# Which Graco RTX texture machine do you own? what is the best one? which one would buy again?!



## 5star (Sep 9, 2021)

Im torn, im about ready to retire my last texture machine and will / want to go with the new RTX line. I am torn between the 2500 and 5000 model.. most of my work is remodel work as I close up new manufactured homes and there all drywall.. I also want to get away from traveling 25 days a month and try and texture new construction... I dont know if I should go all out with the 5000pi or 2500pi ... or if u own a 1400 /1500 how does it work? are you glad /happy u got it, would u of bought the next size up had u gotten the chance to buy again!? Please provide me some insight... i know it's physically larger the 5000 but how much larger then the 2500? huge? 

Thank you guys, kinda cool guys like us who drywall got a place to talk! 

Danny


----------



## Shelwyn (Apr 10, 2015)

I don't do much knock down and orange peel myself it's mostly all level 5, light texture. For the small patch work I use a compressor and a hopper. For the few rare times someone decides to change from a level 5 and texture to a spray texture I own a Graco HTX 2030 Complete Plus that I usually use to spray level 5 and various other aggregates and paints.

I dont really know you're budget but take into consideration how heavy these machines are. You know some of those cheaper apartments with knock down don't have Elevators so you might end up draging it up the stairs hahah. Fk.

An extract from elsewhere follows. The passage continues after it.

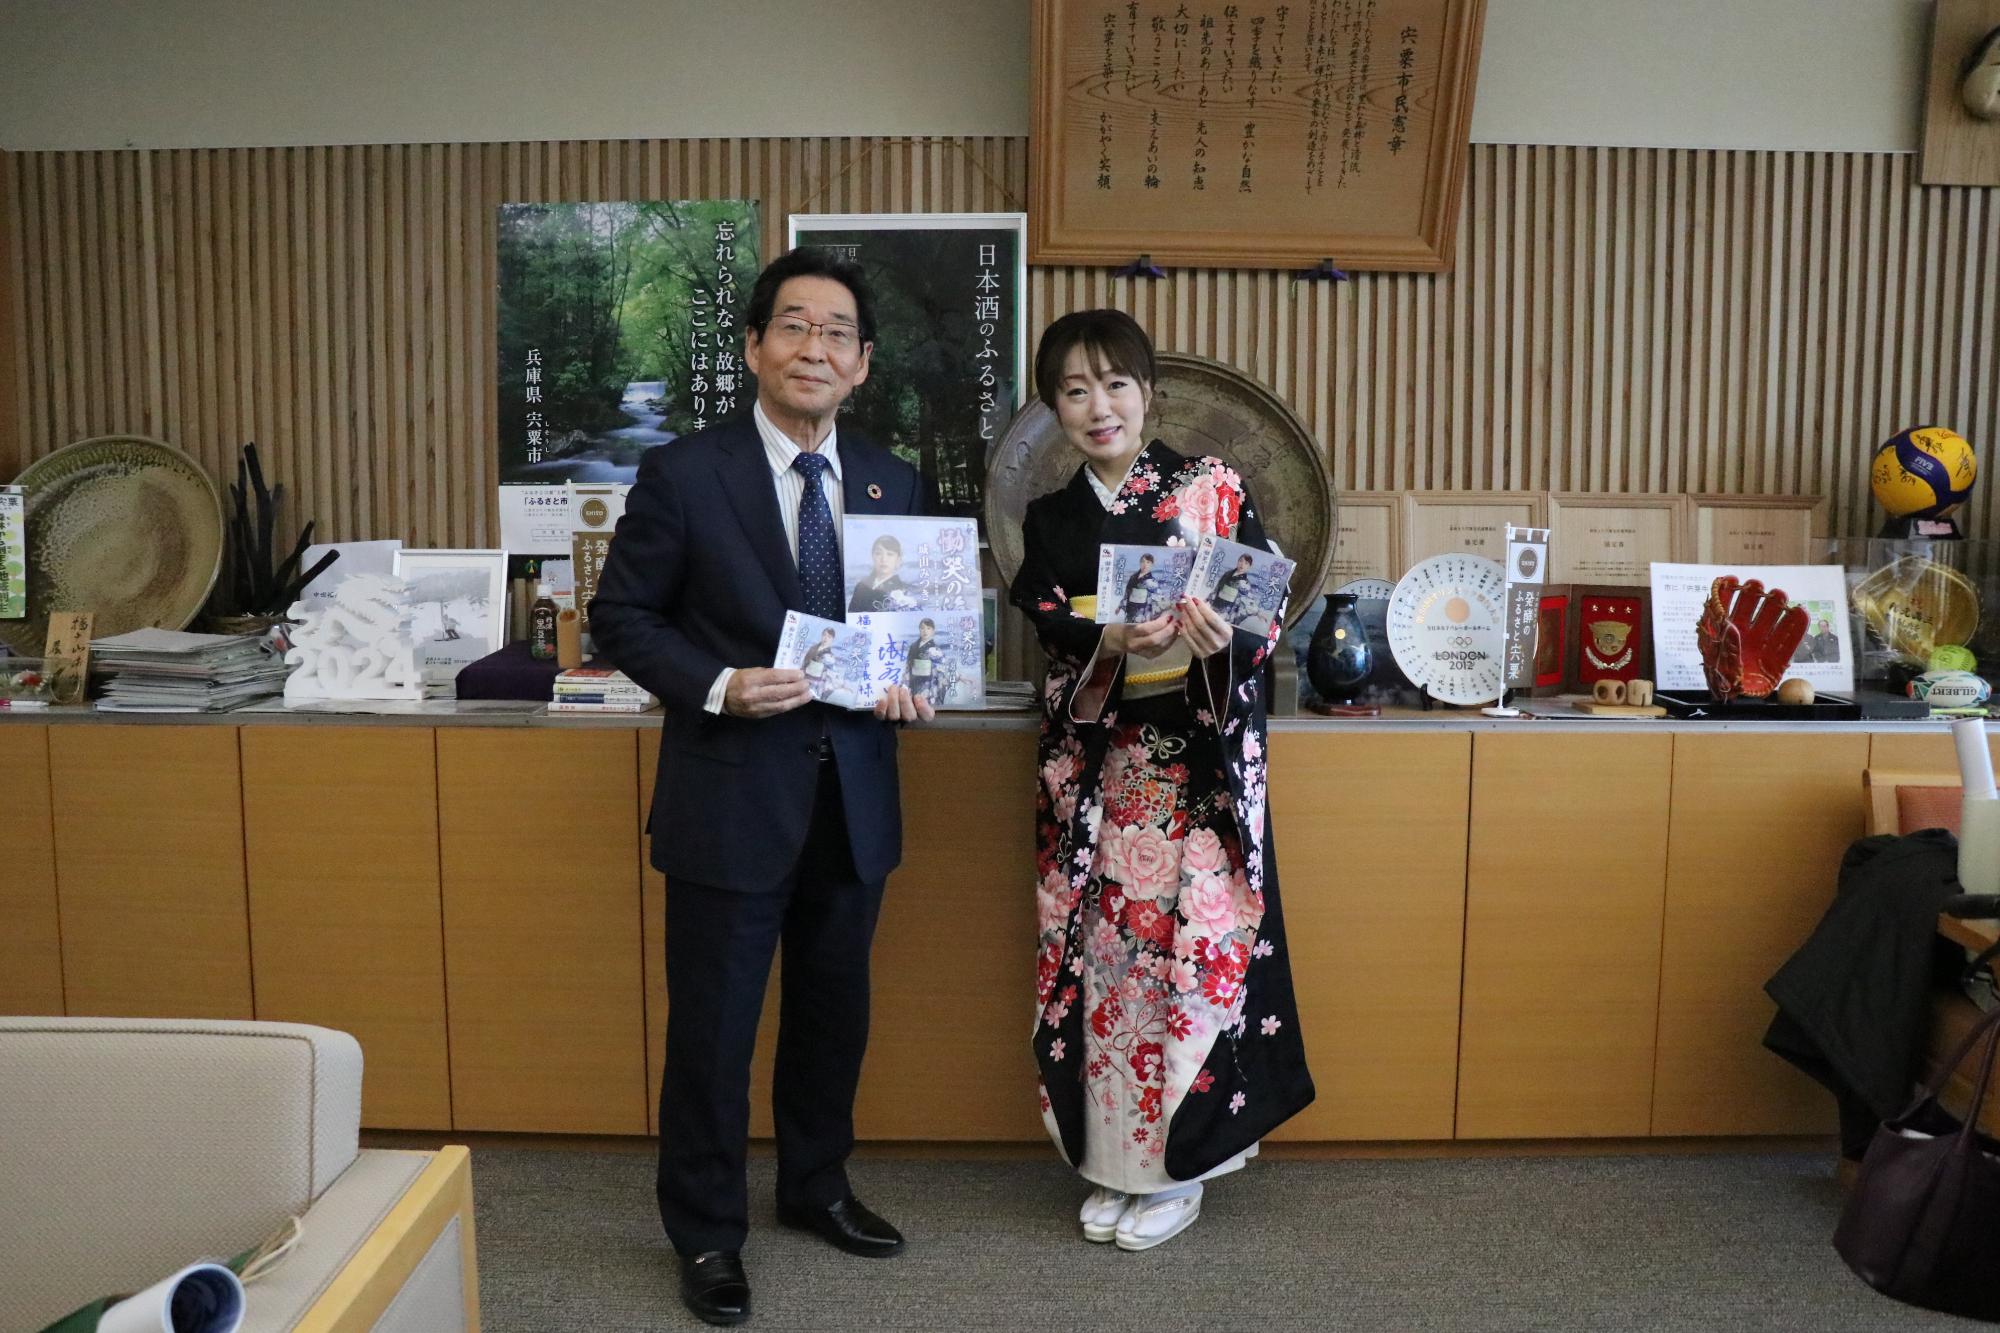 福元市長と宍粟市観光大使の城山みつきさんが並んでいる写真

Are you just going to jump right in with a graco sprayer? Usually the texture guys have a towable rig that carries the material as well.

So what are you going to do about material tow it to the site yourself? Usually the spray jobs they want them fast cheap and right after the finish guys are done so... you might not be competative without a reputation and maybe some other friendly contractors.


----------